You have already suggested vectorizing and avoiding making unnecessary copies of intermediate results, so you are certainly on the right track. Let me caution you not to do what i did and just assume that vectorizing will always give you a performance boost (like it does in other languages, e.g., Python + NumPy, MATLAB).
An example:
# small function to time the results:
time_this = function(...) {
start.time = Sys.time(); eval(..., sys.frame(sys.parent(sys.parent())));
end.time = Sys.time(); print(end.time - start.time)
}
# data for testing: a 10000 x 1000 matrix of random doubles
a = matrix(rnorm(1e7, mean=5, sd=2), nrow=10000)
# two versions doing the same thing: calculating the mean for each row
# in the matrix
x = time_this( for (i in 1:nrow(a)){ mean( a[i,] ) } )
y = time_this( apply(X=a, MARGIN=1, FUN=mean) )
print(x) # returns => 0.5312099
print(y) # returns => 0.661242
The 'apply' version is actually slower than the 'for' version. (According to the Inferno author, if you are doing this you are not vectorizing, you are 'loop hiding'.)
But where you can get a performance boost is by using built-ins.
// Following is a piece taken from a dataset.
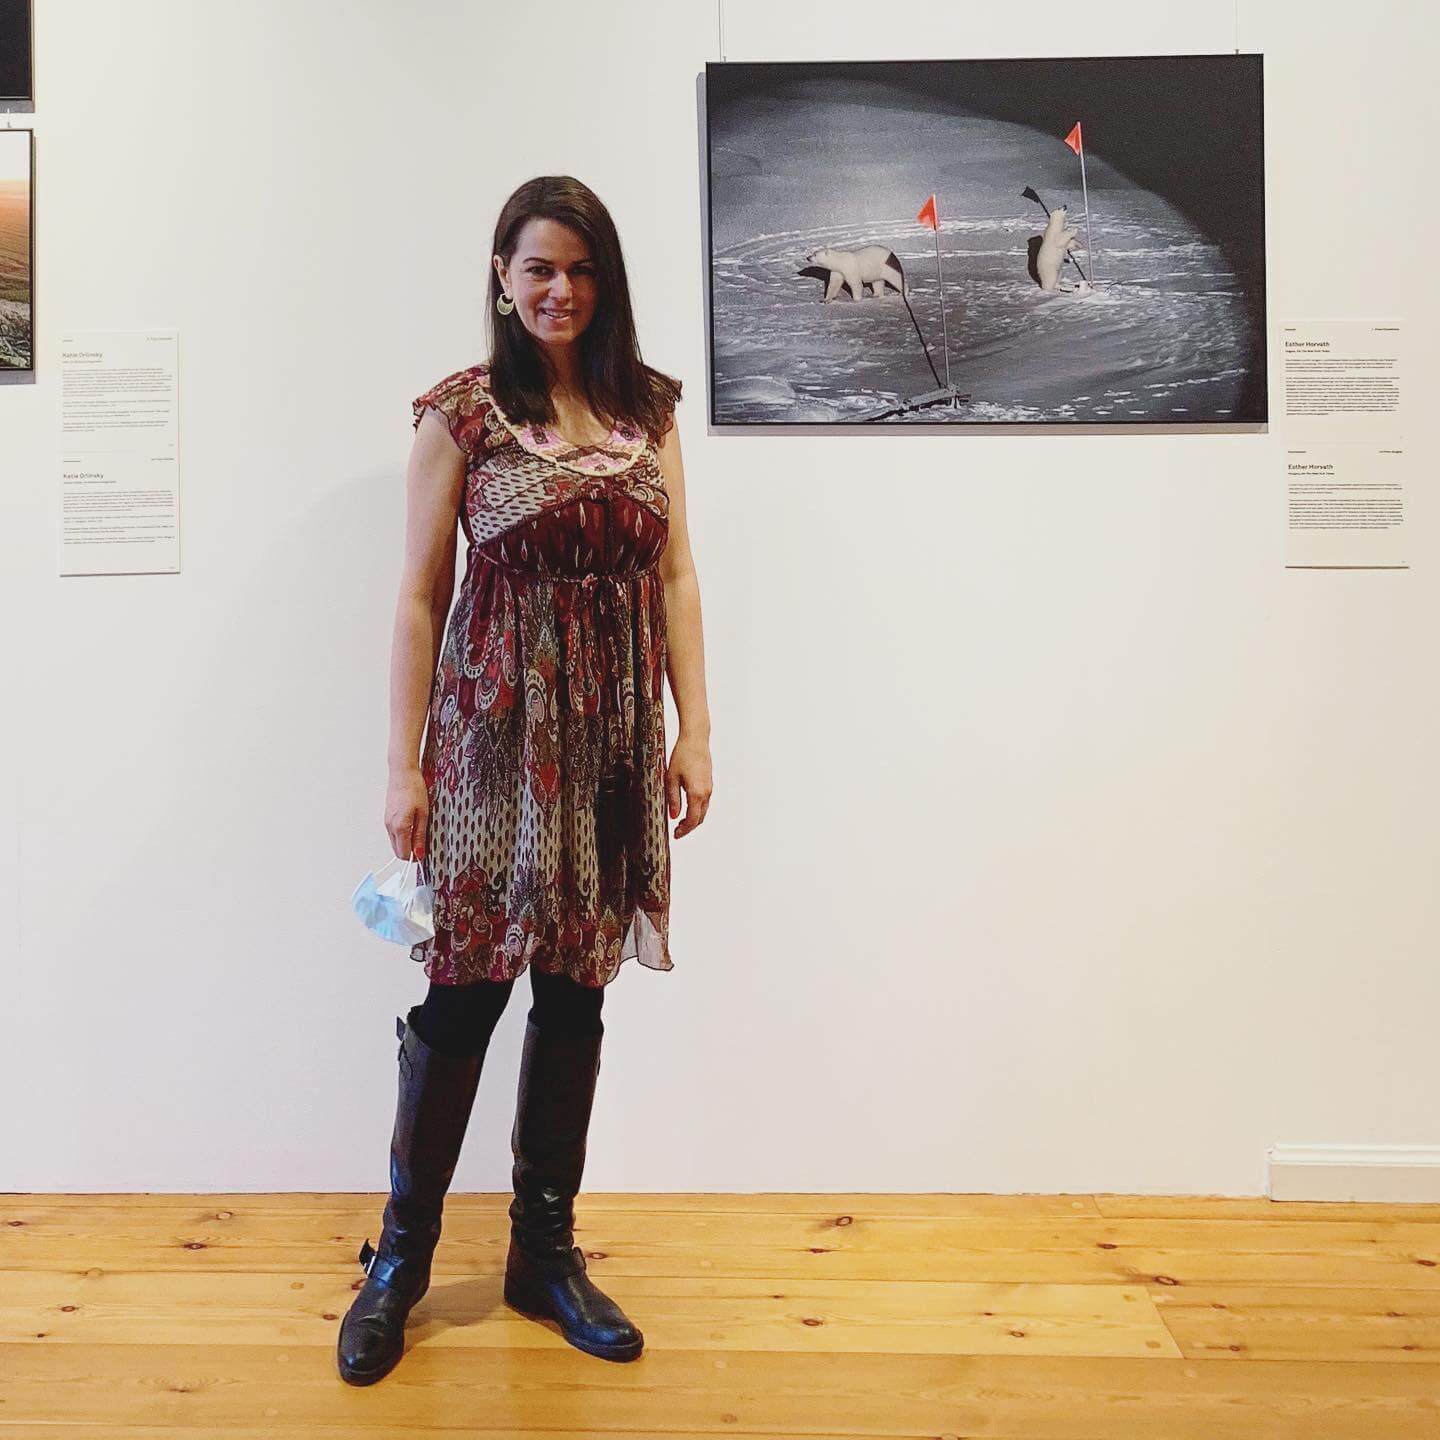 Hoher Besuch am letzten Ausstellungstag: Die mit einem World Press Photo Award ausgezeichnete Fotografin Esther Horvath zeigte sich vor ihrem preisgekrönten Bild. @esther_horvath @mediavanti

Below, i've timed the same operation as the two above, just using the built-in function, 'rowMeans':
z = time_this(rowMeans(a))
print(z) # returns => 0.03679609
An order of magnitude improvement versus the 'for' loop (and the vectorized version).
The other members of the apply family are not just wrappers over a native 'for' loop.
a = abs(floor(10*rnorm(1e6)))
time_this(sapply(a, sqrt))
# returns => 6.64 secs
time_this(for (i in 1:length(a)){ sqrt(a[i])})
# returns => 1.33 secs
'sapply' is about 5x slower compared with a 'for' loop.
Finally, w/r/t vectorized versus 'for' loops, i don't think i ever use a loop if i can use a vectorized function--the latter is usually less keystrokes and and it's a more natural way (for me) to code, which is a different kind of performance boost, i suppose.